Market Movers

ServiceNow, Inc.’s stock price soars to $789.56, marking a robust 4.34% increase

ServiceNow, Inc. (NOW)

789.56 USD +32.82 (+4.34%) Volume: 1.53M

ServiceNow, Inc.’s stock price soared to a high of 789.56 USD, marking a significant trading session increase of +4.34%. With a trading volume of 1.53M and an impressive YTD percentage change of +11.76%, NOW’s stock performance continues to demonstrate strong growth potential in the market.


Latest developments on ServiceNow, Inc.

ServiceNow Inc. stock has been outperforming competitors on a robust trading day, bolstered by significant share acquisitions from Carmignac Gestion and Polar Capital Holdings Plc. The company’s philanthropic foundation transfer form is set to go live on March 18, further strengthening its corporate social responsibility efforts. Big tech firms, including ServiceNow, have been leading major indexes higher. In addition, the company has made a strategic investment in Neuron7.ai through ServiceNow Ventures, indicating its continued expansion into AI technologies. The company recently received a consensus rating of “Moderate Buy” from brokerages, further propelling its stock performance. ServiceNow’s executive appointment to MSCI’s board also signals a promising outlook for the company.


ServiceNow, Inc. on Smartkarma

According to top independent analysts on Smartkarma, Servicenow Inc has been receiving bullish coverage from research providers such as Baptista Research and Steven Holden. In a recent insight published by Baptista Research, titled “ServiceNow Inc: The Increasing Scope Of Its Gen AI technology And Other Major Drivers”, the company’s Q4 2023 earnings were highlighted as a compelling story of growth powered by artificial intelligence (AI). The company reported strong subscription revenue and cRPO growth, as well as a significant increase in deals over $1 million. This positive sentiment is echoed by Steven Holden, who notes that global funds have ramped up their exposure to ServiceNow, Inc, with 20.6% of funds now invested in the company.

Holden also points out that while ServiceNow, Inc has reached new heights in global fund ownership, there is still room for even broader market penetration. This is supported by the company’s positioning relative to its technology sector peers, which suggests potential for further growth. With such positive analyst coverage, it’s no surprise that Servicenow Inc continues to be a top pick for investors on Smartkarma.


A look at ServiceNow, Inc. Smart Scores

FactorScoreMagnitude
Value2
Dividend1
Growth5
Resilience4
Momentum4
OVERALL SMART SCORE3.2

Smart Score is a compound score for the Company indicating its overall outlook. It is derived by taking an equally weighted average of underlying Factor scores computed by Smartkarma

ServiceNow Inc, the enterprise IT management software company, has an overall positive outlook for the long-term, according to Smartkarma Smart Scores. The company scores a 2 in Value, indicating its potential for growth and profitability. However, investors looking for dividends may be disappointed with the low score of 1 in Dividend. ServiceNow’s strong focus on growth is reflected in its high score of 5, indicating its potential for expansion and revenue growth. The company also scores well in Resilience and Momentum, with scores of 4 in both categories. This suggests that ServiceNow is well-positioned to weather any potential challenges and has a strong momentum for future success.

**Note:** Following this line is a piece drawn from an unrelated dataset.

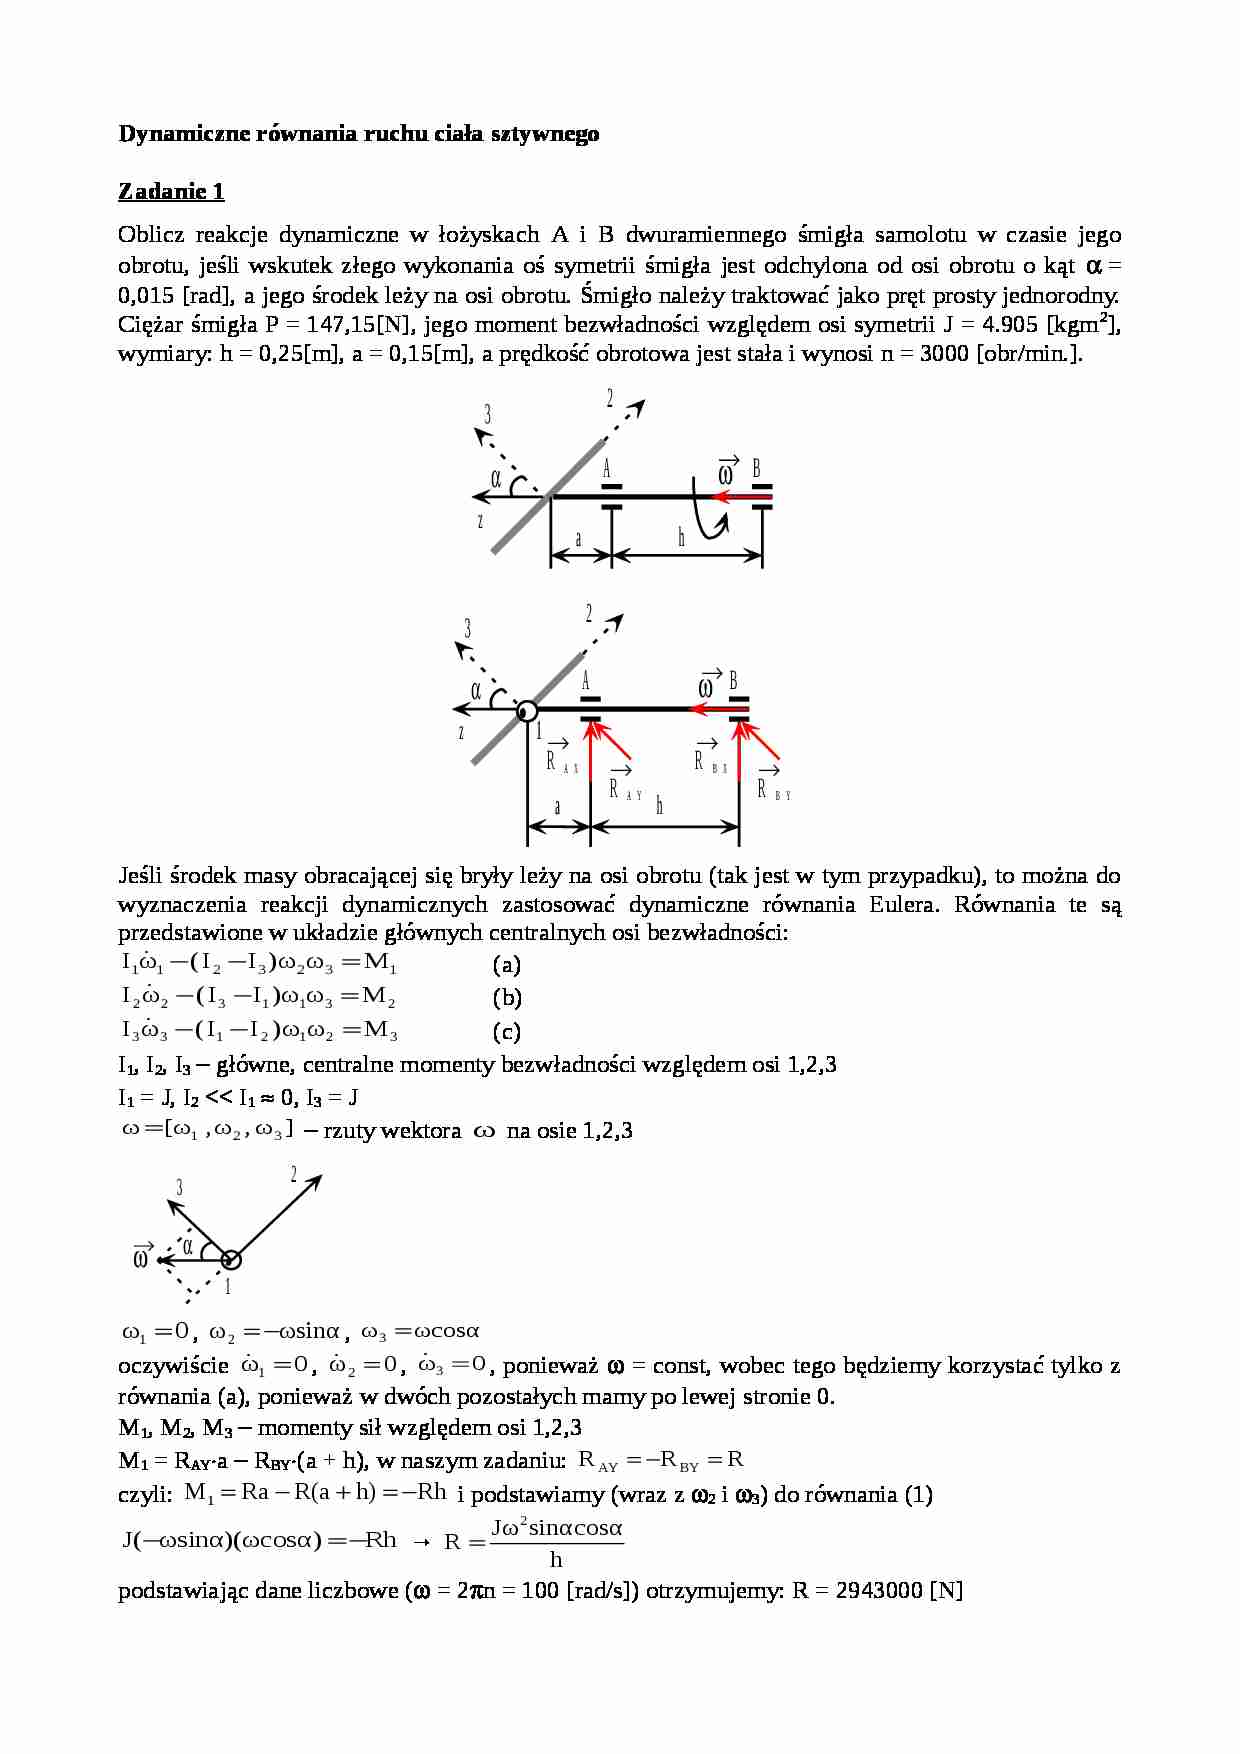 Dynamiczne równania ruchu ciała sztywnego - zadania - strona 1

Based on its description, ServiceNow Inc is a company that provides IT management software, cloud services, and an IT service management platform. It primarily serves customers in the United States. With its strong focus on growth and high scores in Resilience and Momentum, the company appears to be in a good position for long-term success. However, investors should take note of the low score of 1 in Dividend, indicating that the company may not be a good choice for those seeking regular dividends. Overall, ServiceNow Inc’s Smartkarma Smart Scores suggest a promising outlook for the company’s future.

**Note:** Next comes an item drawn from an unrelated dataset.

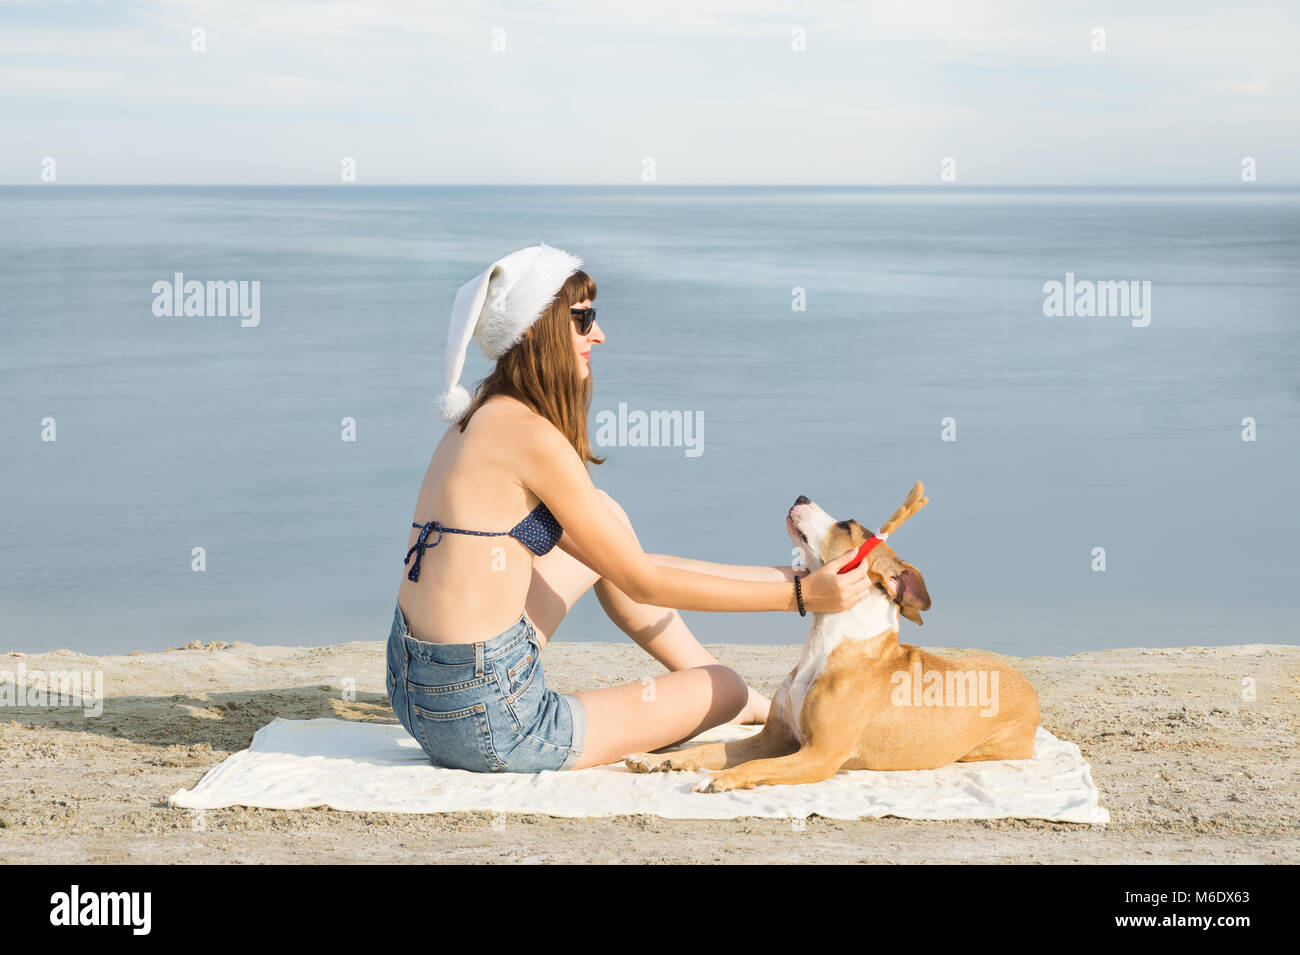 Junge weibliche Person im Bikini und Santa Claus Hut sitzt am Strand und  setzt auf Rentier Hörnern auf ihrem Staffordshire Terrier Hund  Stockfotografie - Alamy

Disclaimer: This article by Smartkarma is general in nature and based on historical data and analyst forecasts only using an unbiased methodology and our articles are not intended to be financial advice. It does not constitute a recommendation to buy or sell any stock, and does not take account of your objectives, or your financial situation. Note that our articles may not factor in the latest price-sensitive company announcements or qualitative material.